CTRL+ALT+Desire Review: Sex, Lies & Family Annihilation

A man looks at a mirror and sees a pixelated, blurred version of his face in the Paramount+ series CTRL+ALT+DESIRE

Colin Archdeacon’s true crime series CTRL+ALT+Desire is stylish and intriguing, but buckles somewhat under an infuriating subject.

The world of true crime is a vast and fascinating one. There are innumerable podcasts, series, films, articles, books and YouTube creators dedicated to telling stories about some of the world’s worst criminals. CTRL+ALT+Desire, Colin Archdeacon’s series dedicated to the case of Grant Armato, is very much a product of this cultural obsession, stemming from a four-year investigation into the Florida-native’s conviction for murdering his entire family.

A small town community in the Sunshine State is rocked when Armato’s mother, father and brother are found shot to death in their home. When Armato was arrested and interviewed by police, what unfolded was a story of a man so obsessed with a Bulgarian cam-girl named Silvie that he spiralled into depression, financial ruin and dangerous isolation.

CTRL+ALT+Desire is predominantly a vehicle for the multitude of phone conversations Archdeacon had with Armato to be pieced together into a coherent retelling of the case from Armato’s perspective. Talking head interviews with reporters, detectives and Armato’s defence team round out the narration, which is in turn overlaid over a series of selfies, online footage, police interviews, and brief interludes of reconstructions from actors.

This series format, as opposed to a filmic one, allows Archdeacon to indulge in the set-up, offering a lot more context and background information for the audience to be privy to. It also gives Armato the opportunity to be, seemingly, candid and honest about how streaming video games on Twitch to make some money devolved into spending thousands of dollars a day on gifts for Silvie. It is interesting, well-paced and intriguing, delving into the cycle of mental health struggles and the checklist of internet dangers.

But crucially, where the series stumbles is that, as a subject, Armato is neither a particularly interesting nor convincing one. He’s abrasive, awkward, evasive and contradictory. His online persona was, in his own words, a “digital representation” of what he aspired to be. But because it became such an obsession, something so all-consuming that it led to unspeakable tragedy, it’s hard to feel like he isn’t still putting on a performance. And while Archdeacon is certainly not looking to glorify Armato’s choices, actions or behaviours, it does feel like the series is giving him exactly what he grew so addicted to: a modicum of attention and infamy, however slight.

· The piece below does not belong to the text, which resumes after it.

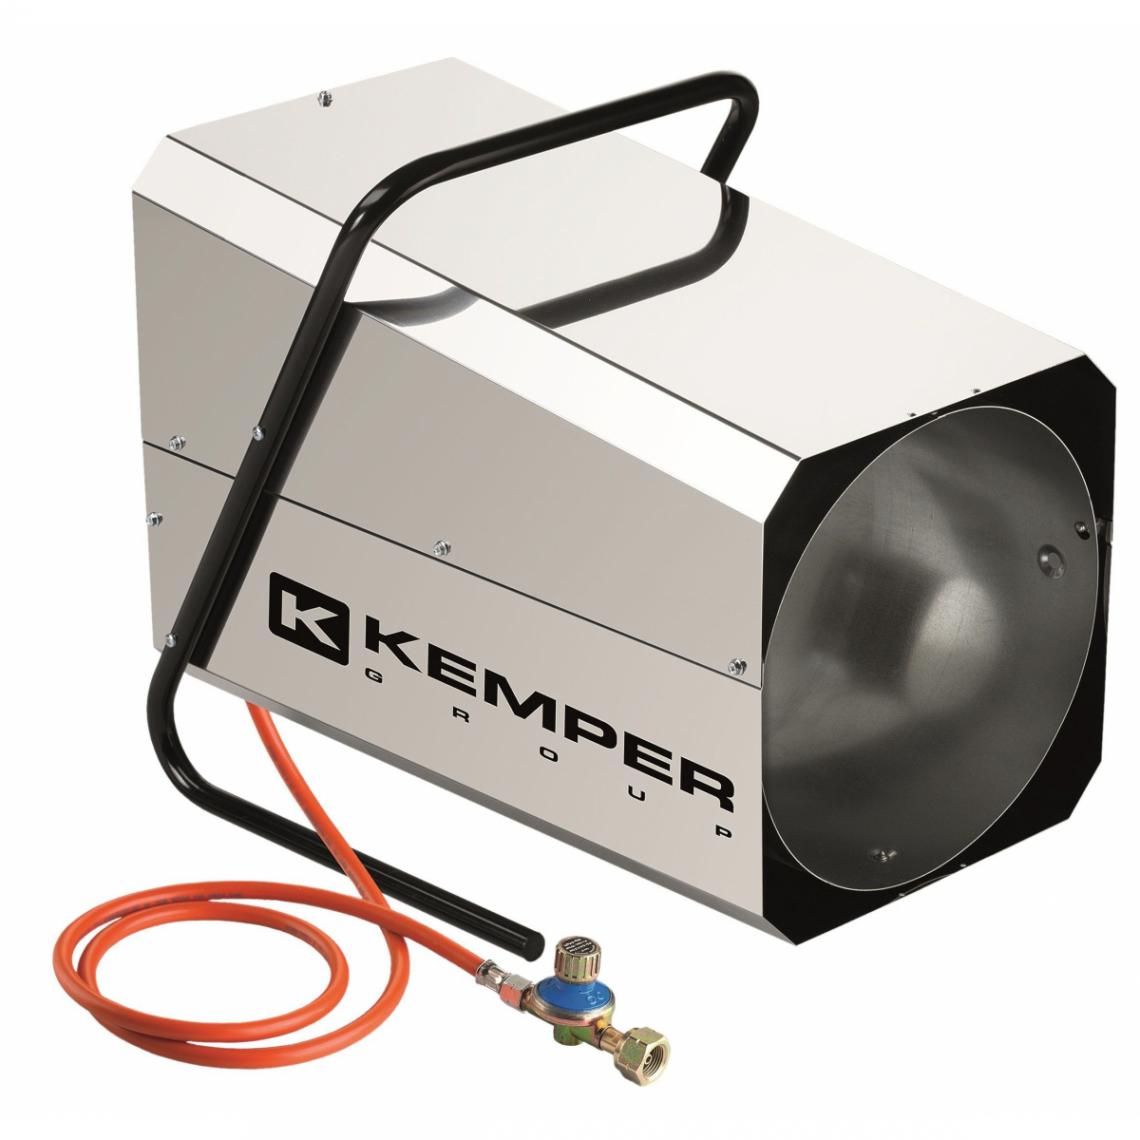 Kemper - Générateur d'air chaud à gaz 42KW Kemper réglable + tuyau et détendeur - Chauffage à pétrole / gaz

Armato feels disingenuous to a frustrating degree. His language choices are so bizarre – he describes a moment of confrontation as a “cataclysmic episode” but his subsequent actions as coming from a place of “compassion” – and he offers so little emotive range in his storytelling, that it’s hard to understand what captivated Archdeacon in the first place. CTRL+ALT+Desire is so clearly the product of intense effort and dedication, but Armato is so off-putting and infuriating that the emotional crux of the series, the moment Archdeacon has built-up and telegraphed to the nth degree, simply doesn’t have the impact it should have.

Director Colin Archdeacon sits inside a car and looks to his left with wide eyes in the Paramount+ series CTRL+ALT+DESIRE
Director Colin Archdeacon in CTRL+ALT+DESIRE, episode 3, season 1, streaming on Paramount+, 2024. (CBS/Paramount Plus)

Archdeacon tries to come at Armato’s case from various angles, offering audiences a lot of interesting threads to consider. The first episode focuses on Armato’s upbringing, his career struggles, familial relationships and mental health issues, as well as the escapism he found in the online sex industry. The second is predominantly centred around the trial and subsequent media coverage, eschewing the grisly details of the crime in an admirable effort to avoid the sensationalism that often accompanies the true crime genre.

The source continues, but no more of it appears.